What is a tank?
A tank is a storage facility for fluids, either liquid or gas. Civil Engineers often refer to liquid storage structures in distribution systems as reservoirs.
Where do we find tanks?
Tanks are often found in municipal distribution systems, supplying water to customers, providing operational flexibility, and meeting emergency and fire flow demands. Tanks are also found at water and wastewater treatment plants, or in collection systems, to capture and retain stormwater flows or unusually high wastewater flows. They can also be used in industrial applications to store chemicals for a variety of processes.
Tanks have a variety of uses in the water industry:
- Fluid storage (Holding supply and meeting specific demands – i.e. operational, emergency, and fire suppression)
- Maintaining specific pressure zones
- Energy conservation and efficiency (using gravity vs. continuous pumping & limiting pump start/stops)
- Flow equalization
- Mixing and blending fluids
- Specific water treatment processes
- Achieving chlorine contact time
- Redundancy/operational flexibility
- Capturing and retaining stormwater
- Surge relief applications
Project needs, application, and owner familiarity and preferences often inform the type of tank to be used.
- Elevated tanks use either welded steel or a composite material; these water towers are often seen in areas with generally flat topography.
- Municipal ground storage tanks are typically welded steel (AWWA D100), bolted steel (AWWA D103), prestressed concrete (AWWA D110), or conventional reinforced concrete.
- Chemical/industrial tanks are often made of fiberglass or polyethylene as they typically hold smaller volumes and contain fluids more corrosive than water.
- Buried or partially buried tanks are designed/constructed using precast, prestressed or conventionally reinforced concrete, though some composite materials can be used. These tanks may store potable or non-potable water, stormwater basins, process tanks (clarifiers, contact basins, etc.), and wet wells.
Factors for Consideration
What fluid needs to be stored?
In the Civil/Environmental Industry, we most often see tanks required for water storage (raw, potable, recycled, wastewater, and stormwater). Clients may need to store other liquids or gasses, and there may also be a need for pressurized or non-pressurized vessels. Wastewater and sludge can create a corrosive environment within a tank.
What capacity is needed?
Smaller volumes may only require pre-manufactured systems such as plastic (HDPE, FRP, etc.) or precast concrete. Larger storage requirements tend to require more intensive design for a unique steel or concrete structure. Geotechnical parameters, client preferences, hydrostatic and hydrodynamic concerns must always be considered.
What is the site’s geography?
Terrain plays a key factor in deciding what type of tank will work best. Our checklist includes earthwork and backfill requirements, high seismicity, wind loading, soil corrosivity, aesthetic issues, and geotechnical concerns.
What are the clients’ objectives with the finished project?
Every client has unique goals for their project.
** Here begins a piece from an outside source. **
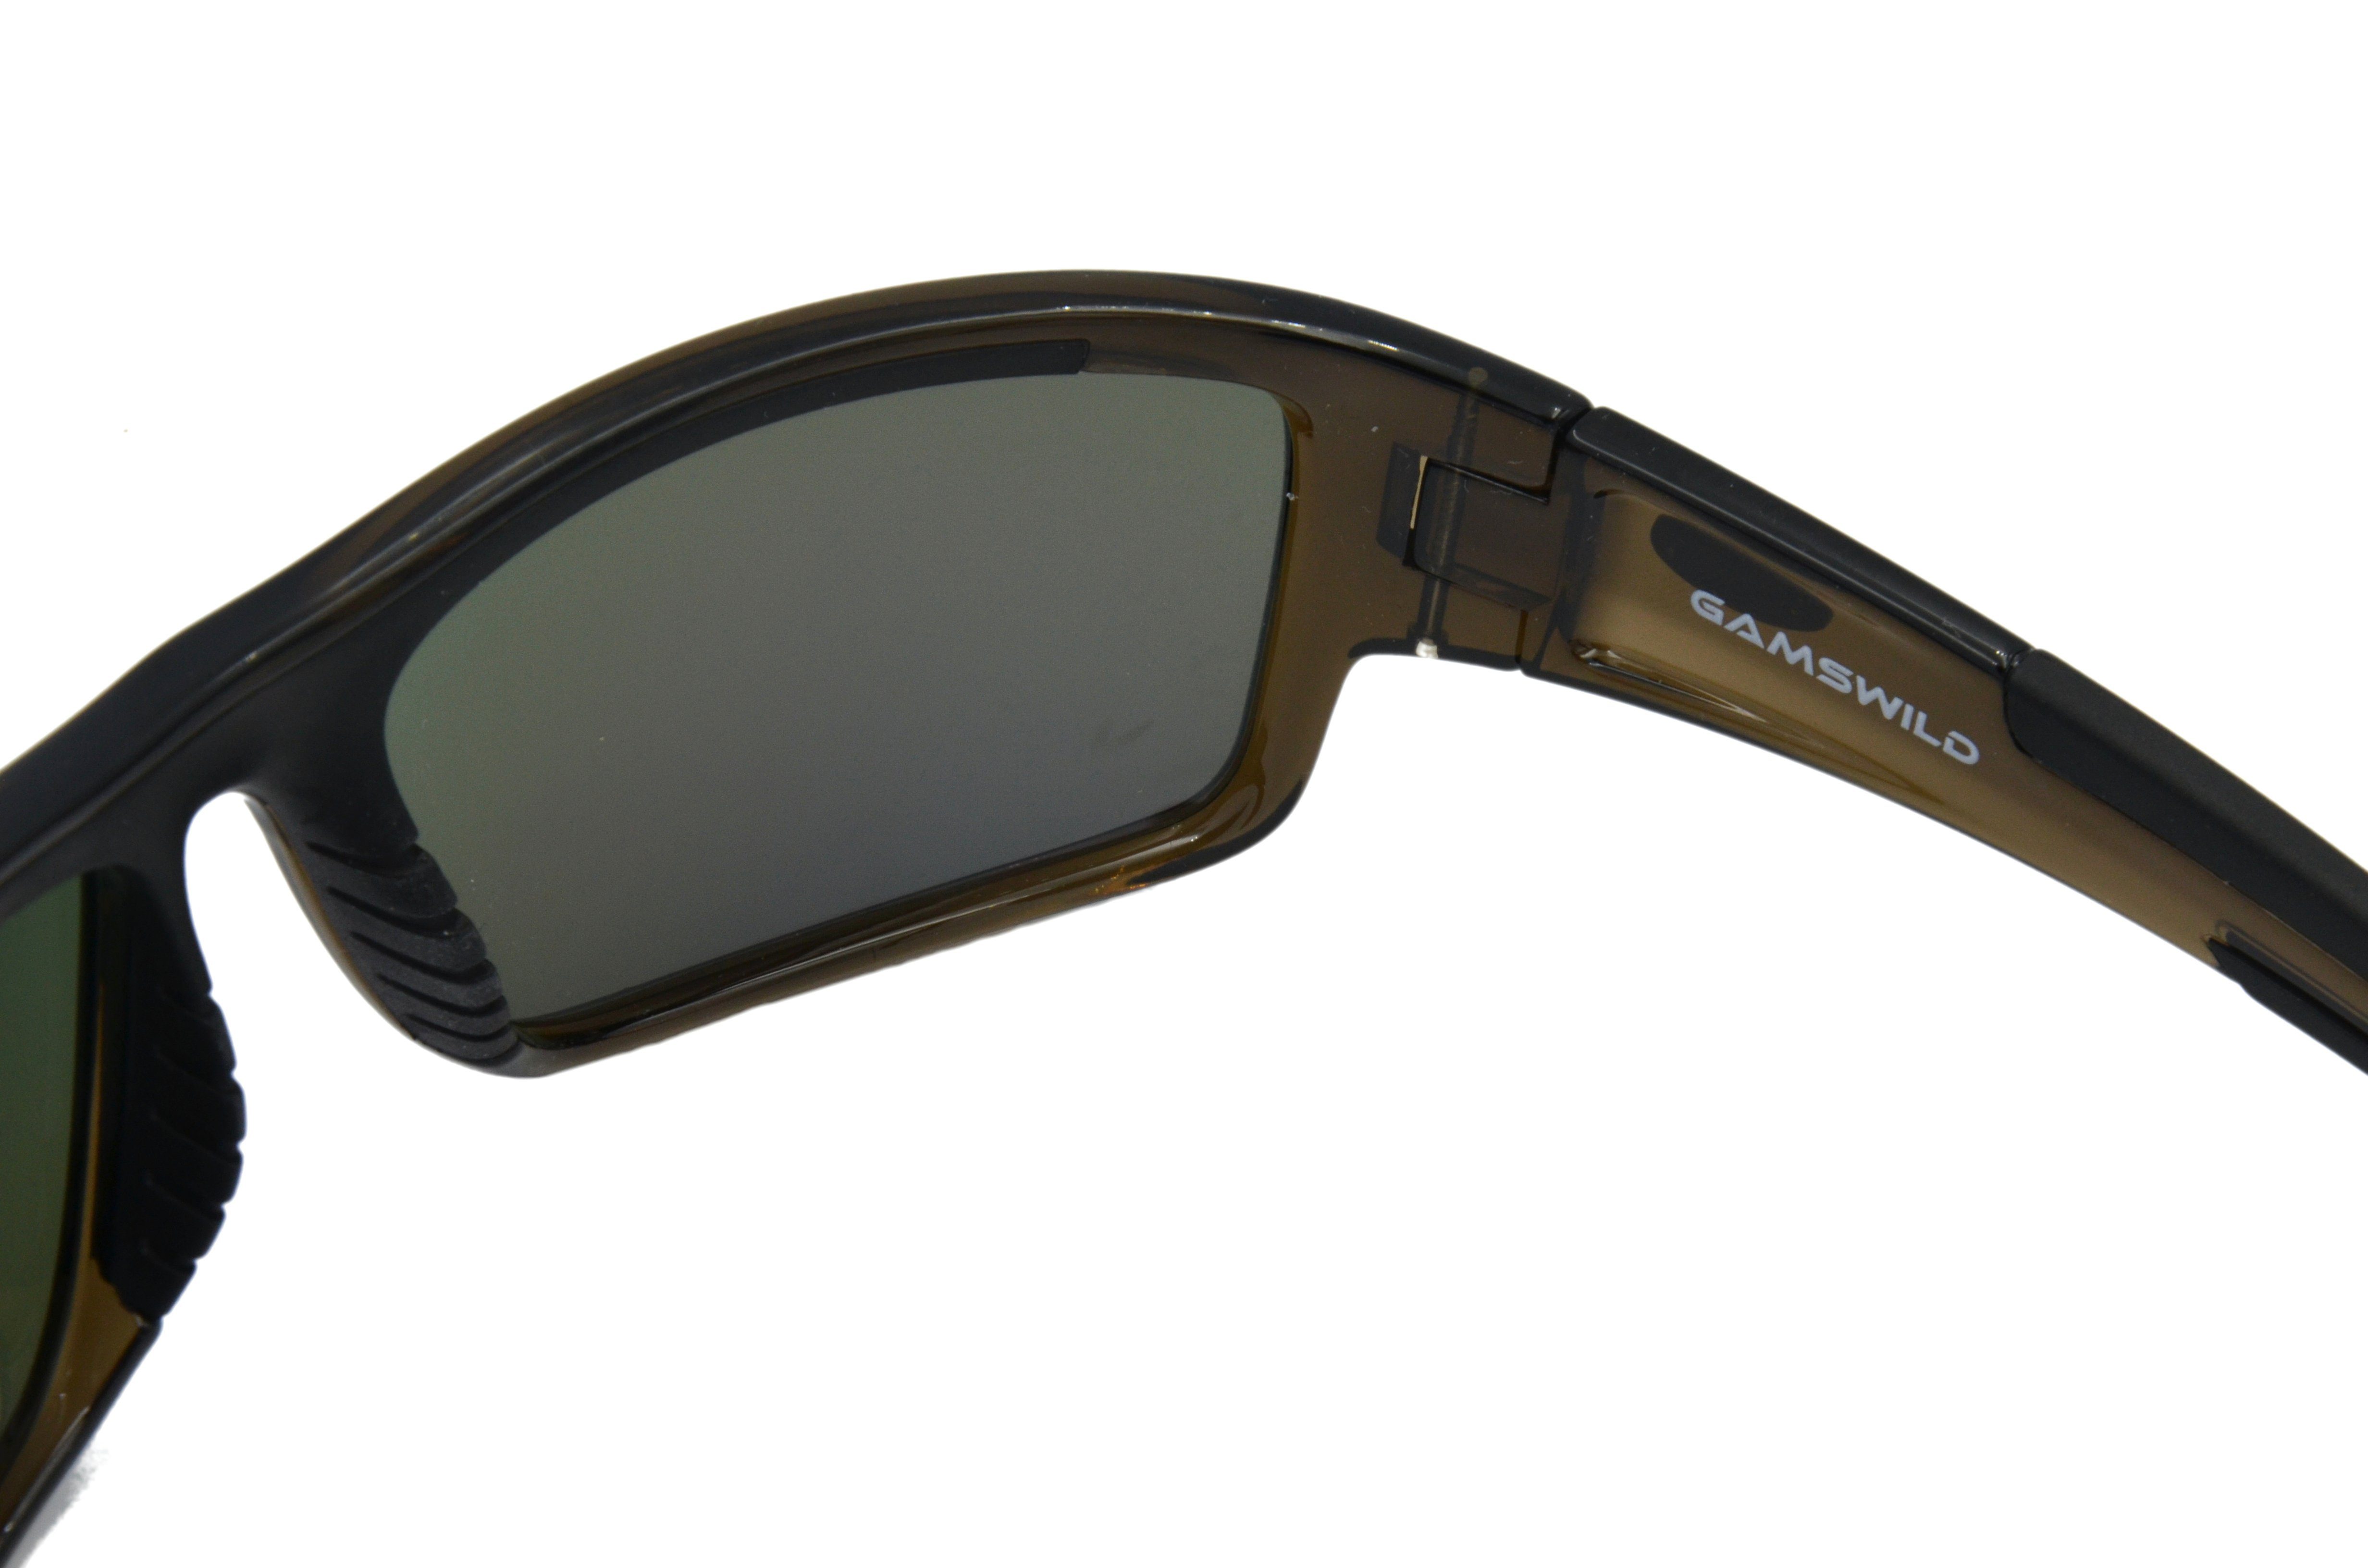 grün-türkis, Sportbrille Herren, blau, grau, Gläser, schwarz, Damen braun polarisierte WS6034 Sonnenbrille Fahrradbrille Sportbrille Gamswild Skibrille
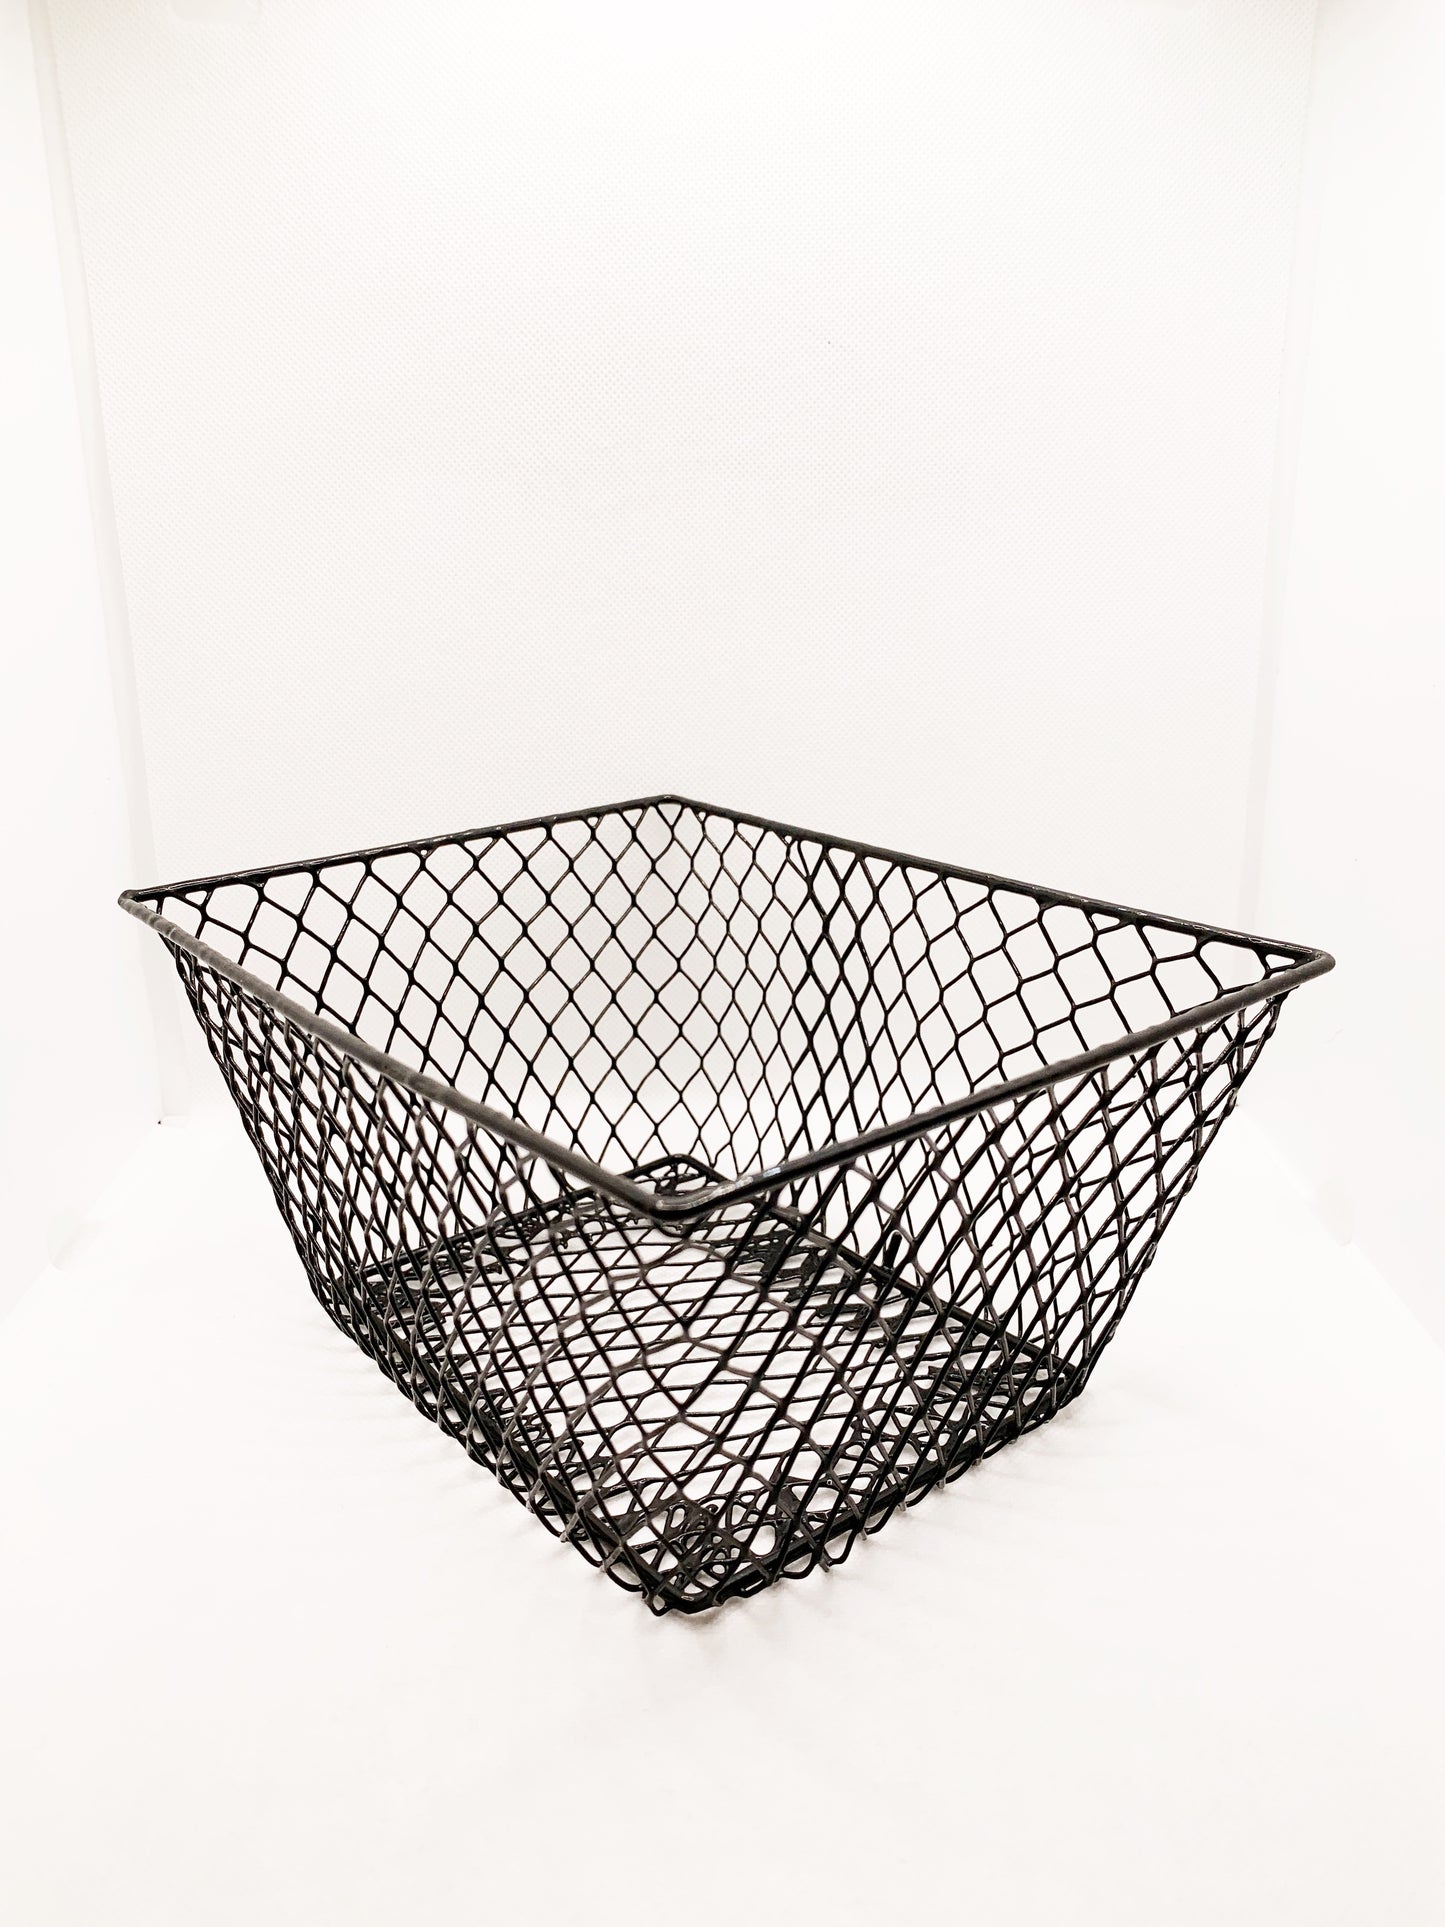 Wire Baskets

This could be prioritizing capital costs, maintenance costs, tight schedules, ease of access, competition, or aesthetics.
“Smaller tanks” in our industry typically hold 100,000 gallons or less of fluid. Though they are typically less complex, they can still be challenging to design and construct. For aboveground structures, bolted steel and welded steel tanks are very common. Site constraints and volume requirements may necessitate the need for a cast-in-place concrete structure.
Medium-sized tanksin our industry are often considered as having volumes between 100,00 to 1 million gallons. For above ground storage, welded steel tanks are the most common. Owner preferences, type of fluid, and site constraints may also warrant the use of concrete (precast, circular or irregular shaped cast-in-place, or prestressed).
Larger Tanks are typically 1 million gallons and over in capacity. Welded steel tanks are a viable option, however future maintenance projects (re-coatings) may result in a higher total cost of ownership. Corrosion protection of welded steel structures becomes an important factor. Prestressed concrete benefits from economy-of-scale and typically provides a lower total cost of ownership as capacity increases. Prestressed concrete is also ideal for buried/partially buried applications – as wall thicknesses are usually substantially thinner that what is required for conventional concrete. Conventional reinforced concrete is also ideal for buried applications or non-circular shaped tanks, however these structures require detailed structural design and cannot be specified with performance requirements.
Steel Vs. Concrete
Steel (bolted and welded) is the most common material for water retaining structures. These tanks are leak-free with a low capital cost and quick construction time. Although costs can add up depending on the size and complexity, steel tanks are generally easy to rehabilitate, repurpose, or modify. With regular, routine maintenance (15-25 year re-coating), they have a design life of 100+ years.
Concrete tanks, though more capital cost intensive, typically have a lower total cost of ownership (especially at larger capacities). They require minimal maintenance, no coatings (depending on the fluid stored), and have proven seismic resilience. Concrete also allows for the tank to be used as a retaining structure if required. Concrete tanks also have a long design life of 75 to 100+ years.